General Assembly Voting: Plenary, Committees, Roll Call
Master Article 18 thresholds, Rules 86–92 voting mechanics, no-action motions, division of proposals, and recorded-vote strategy in GA plenary and Main Committees.
The Charter Architecture of Assembly Voting
General Assembly voting is governed by Article 18 of the UN Charter, which divides decisions into two categories with distinct thresholds. Under Article 18(2), "important questions" require a two-thirds majority of members present and voting. The enumerated important questions include recommendations on international peace and security, election of non-permanent Security Council members, election of ECOSOC and Trusteeship Council members, admission of new members, suspension of rights and privileges of membership, expulsion of members, and budgetary questions. All other decisions, under Article 18(3), are taken by a simple majority of members present and voting — though the Assembly may itself decide by simple majority to add categories to the two-thirds list.
The phrase "members present and voting" is a term of art codified in Rule 86 of the Rules of Procedure of the General Assembly (A/520/Rev.19). It means members casting an affirmative or negative vote. Abstentions, non-participation, and absences are excluded from the denominator. This is procedurally consequential: a resolution can pass 60–30 with 100 abstentions, because the 100 abstaining states are not "voting" within the meaning of Rule 86. The same convention governs Security Council practice and was confirmed by the ICJ in the Namibia Advisory Opinion (1971) with respect to Article 27(3).
Plenary, Main Committees, and the Two-Stage Process
Most substantive Assembly business moves through one of the six Main Committees before reaching plenary. The First Committee (Disarmament and International Security), Third Committee (Social, Humanitarian, Cultural), and Fifth Committee (Administrative and Budgetary) carry the heaviest voting loads. Under Rule 98, each Main Committee is composed of all 193 member states, and under Rule 125, decisions are taken by a simple majority of members present and voting — even on items that will require two-thirds in plenary. This creates a deliberate two-stage filter: a contested resolution may clear committee on a thin majority, then face the higher Article 18(2) bar in plenary.
The Fifth Committee operates by an additional convention: consensus on budgetary matters. This practice, dating from General Assembly decision 41/308 (1986) following the Group of 18 reforms, is not a formal rule but a political settlement that has held with rare breaches. The 2007 adoption of the biennial budget without consensus and the December 2021 vote on the regular budget (over Russian objection to climate-related language) are notable exceptions.

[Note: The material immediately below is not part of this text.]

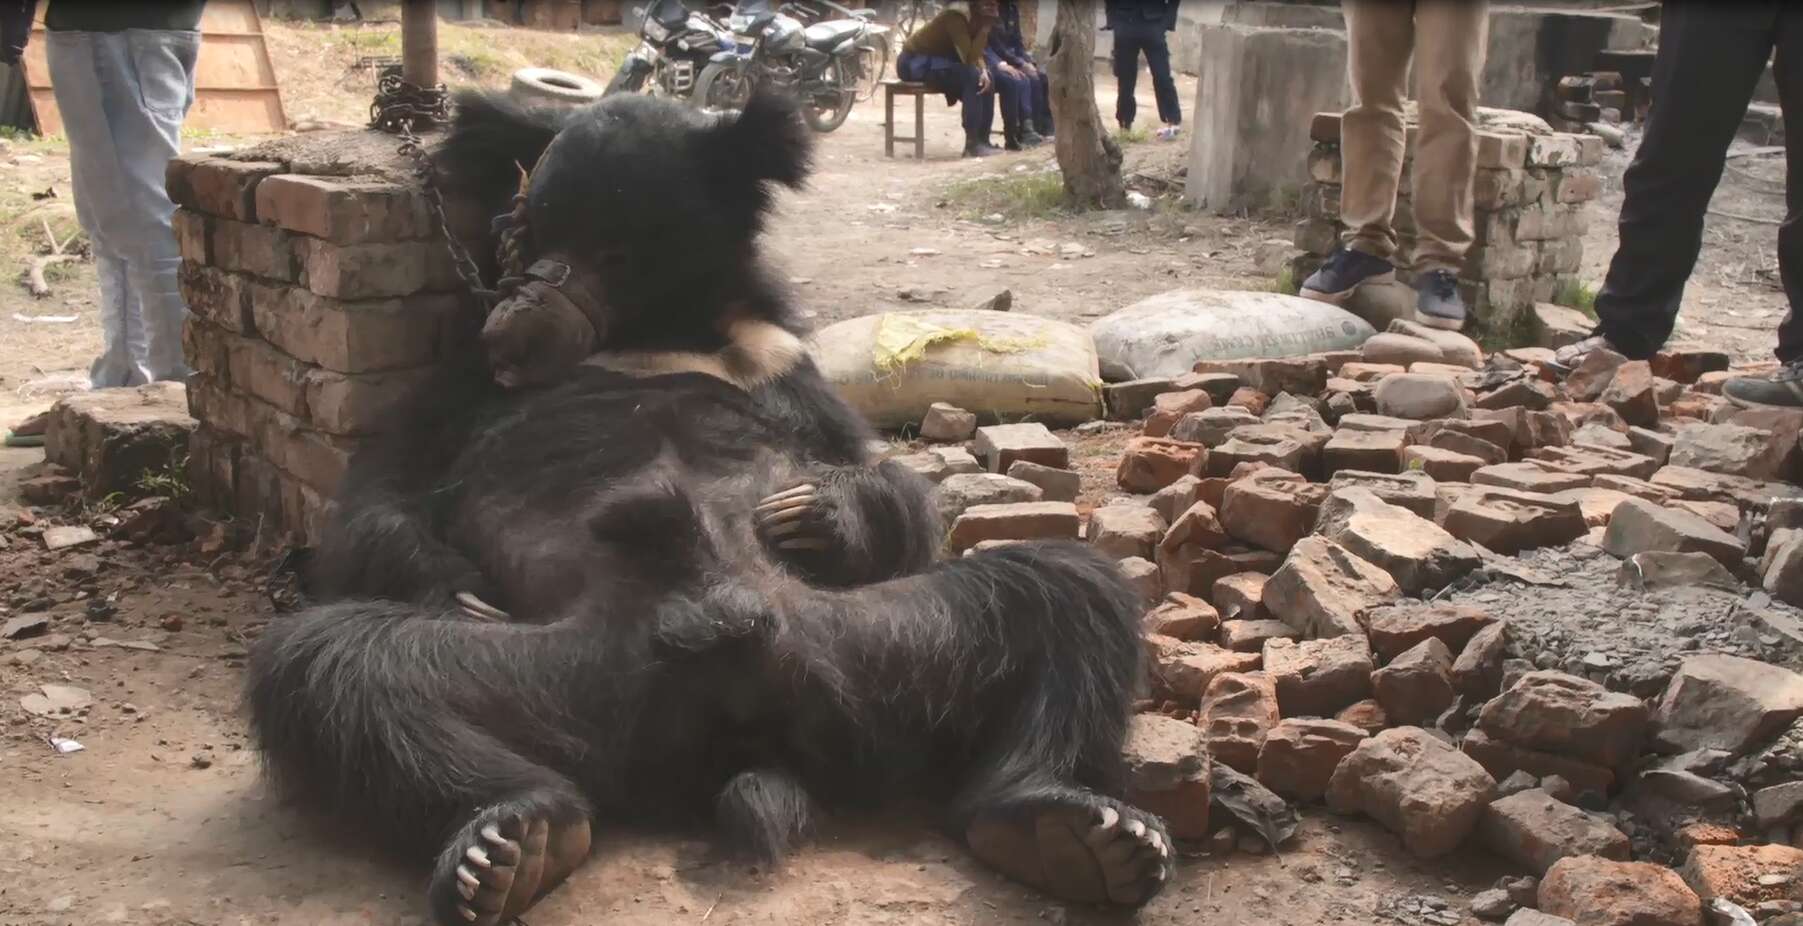 Sloth bear chained up outside

Voting in committee and plenary follows Rules 87 and 128. The default method is a show of hands or standing vote. A recorded vote — in which each delegation's position is displayed on the electronic board and recorded in the official record — must be granted on request of any member. A roll-call vote, the older manual procedure under Rule 87(b), is taken in English alphabetical order beginning with a member drawn by lot by the President; it is now rare, used principally when the electronic system fails or for ceremonial votes such as the election of the Secretary-General's recommendation. The 29 November 1947 partition vote on Resolution 181(II) was conducted by roll call, with Guatemala drawn first.
Once voting begins under Rule 88, no member may interrupt except on a point of order relating to the actual conduct of voting. Explanations of vote are taken before and after the vote at the President's discretion, but a sponsor of the proposal may not explain its vote on its own proposal (Rule 88), a restriction frequently invoked to police debate discipline.